I did not reflect on this until after I saw how many accounts I was forcing to follow my “new” account this morning while I was pressing accept on them. I had started the process last night mostly thinking “it can’t be that much can it”. Watching all the follow requests (because my current account is private) made me realize that I was forcing a lot of accounts, who may have chosen to unfollow me or not follow my new account, to follow me. In light of that I decided to use this opportunity to write a blog post about it, to actually share my findings and thoughts about the whole process.
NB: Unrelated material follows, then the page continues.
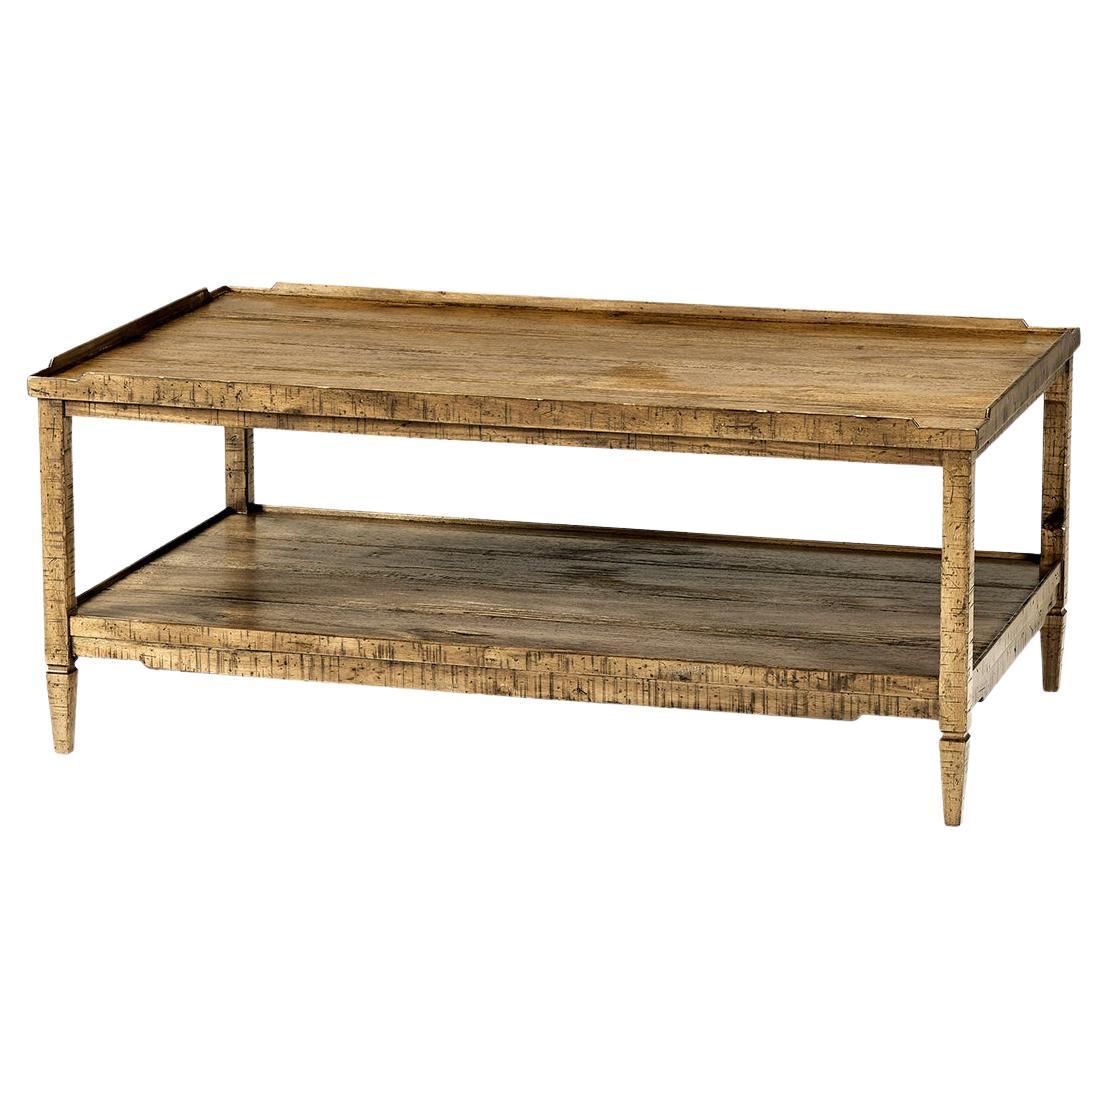 Rustic Country Coffee Table, Medium Drift For Sale

Important things to note: Mastodon.social does not seem to purge old accounts, at any point. (I don’t remember if this is a software issue that it’s not available, but the admin of mastodon.social is also the main developer of the software.) I think maybe because people use it as a backup, which makes sense. But I still strongly believe that they could send out a warning email after 3-6-12 months saying that the account will be removed if they don’t log in within say 3 months from that email. This would mean that I probably wouldn’t still have access to my old account, which I don’t use and haven’t really used for 1.5 years, and I would not be able to do what I just did.
What is Account Migration on Mastodon?
Simply put, it’s a built in feature, where on your new account you tell it that you’ve moved from another account.
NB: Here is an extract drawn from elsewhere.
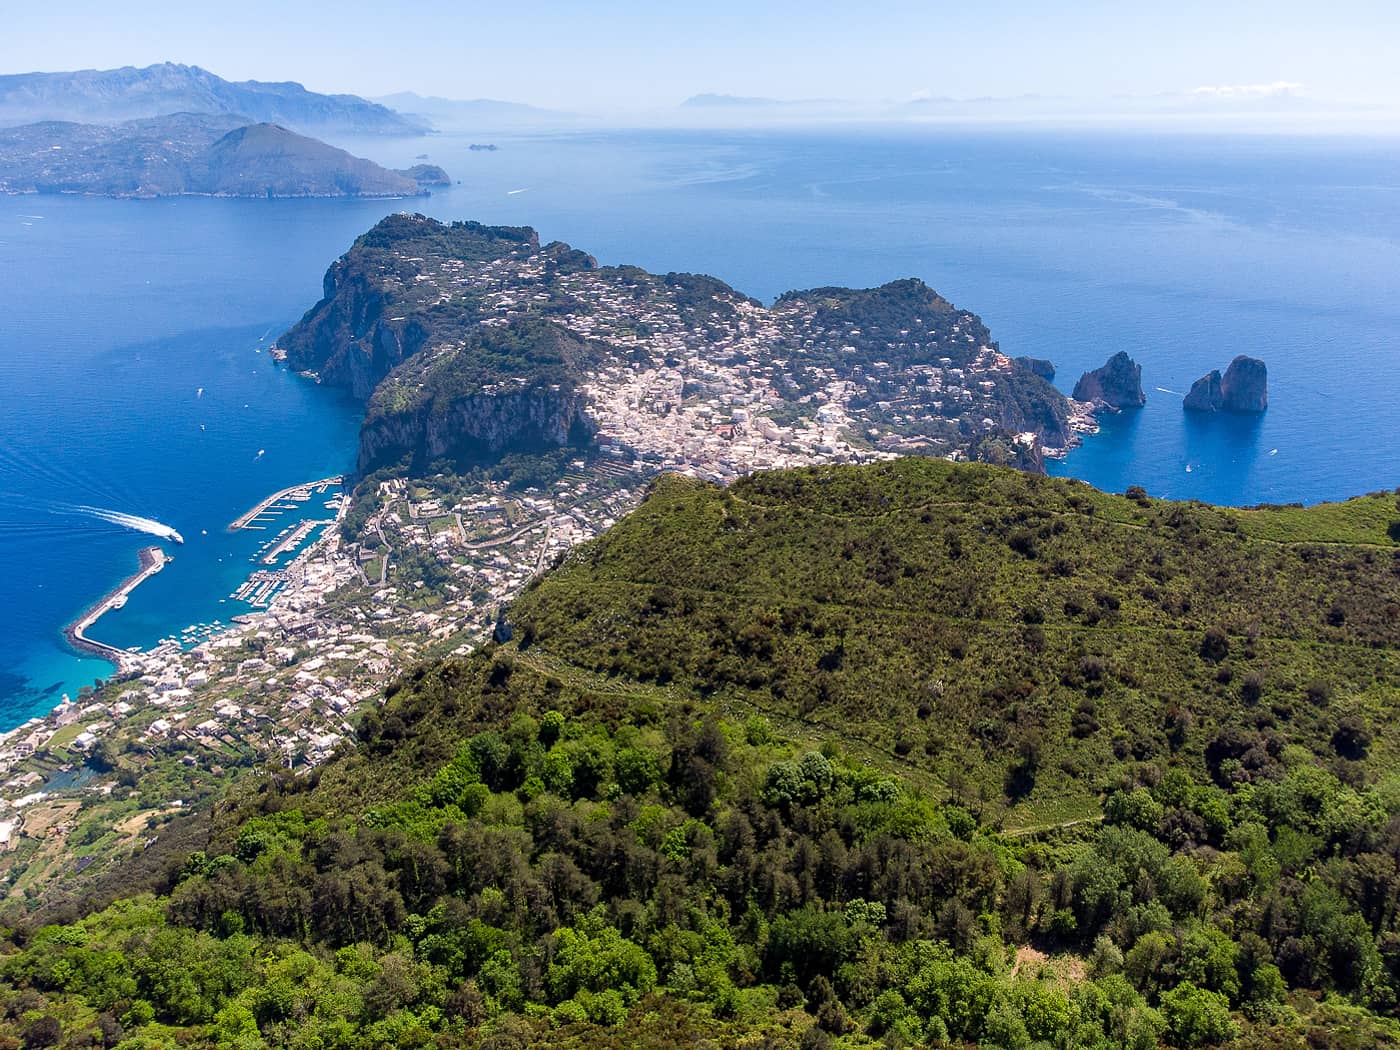 Capri or Anacapri? Which is better for an overnight stay

In a few steps: Account A is my previous account, Account B is my new account. Account B sets “I have migrated from account A” in it’s settings, and allows for the ability to migrate in followers. On Account A you start the migration by saying that you’ve now moved to Account B. As soon as you start the process the Account B’s server will probably chug for a bit as it starts processing the requests from Account A’s server (I’m unsure in which way it’s doing it exactly).
Account Migration is Good
Being able to migrate your account is great. And a few days ago I noticed it when someone wrote “I guess I’m posting here now” and I was already following them. I was first a bit confused, and then realized that they had used the migration tool, and I was pleased to see that I was following that new account immediately and not missing out.
Recently, I had caught someone’s “This is my last post from this account, if you haven’t already you should follow my new account”, I can’t remember if it was on Twitter or Mastodon. But it happened, and I was happy they reminded us, because sometimes you just don’t see those things.
These are some obvious cases where it’s good as we’re able to keep following people we’ve chosen to follow. But what happens if we chose to not follow their new account, or later unfollowed it, and they do this migration late?
Malicious by Mistake
What I ended up doing last night is definitely malicious use of this current feature, even if this was never my intent when I started the migration. I was mid-through accepting followers when I realized that this was turning into a very malicious use of this feature. I want to apologize for that, I’m sorry that I ended up doing this, and following through with it. When I realized, I did still followed through because I felt it was an important part of the process, and would yield useful data as allow me to process what was happening, and what to write in this post about it.
It is possible that you saw the link to this post when I posted it after having accepted the follow requests that you did not make. Because as soon as it hit me, I realized I needed to not post anything until I had finished off with this blog post, so you could read about what happened.
Lessons to Learn
I will definitely not do something like this again, where I migrate very old account followers. Why did I not just stop immediately when I realized? I think I was mechanically just going through the process, and doing so allowed me to figure out all the things that was wrong with it. And being half way through my brain kept insisting that we finished, because there’s no other way to remove follow requests.
Do migrate your followers, when you’re on an active account. But do not migrate your followers from an account that has been inactive for 1.5 years.
Suggested Improvements
There’s a few improvements that I’ve been mulling over with regards to the follower and follows management of Mastodon, and in some regard they also apply here.
- Do not migrate followers that are other migrated accounts (I’m not 100% sure if it does this, but it seemed like it may have.)
- Offer option to only migrate mutual followers.
- Allow Account C (the follower account) to receive a follows suggestion or request instead of doing it “seamlessly”
- Do not allow accounts that have been inactive for 6-12 months migrate their followers.
- Do not migrate inactive accounts (maybe allow user to set a time frame, 3 – 6 – 12 months.)
- Allow private accounts to mass reject follow requests (because right now I’m stuck with a long queue.)
Do you have any suggestions for improvements?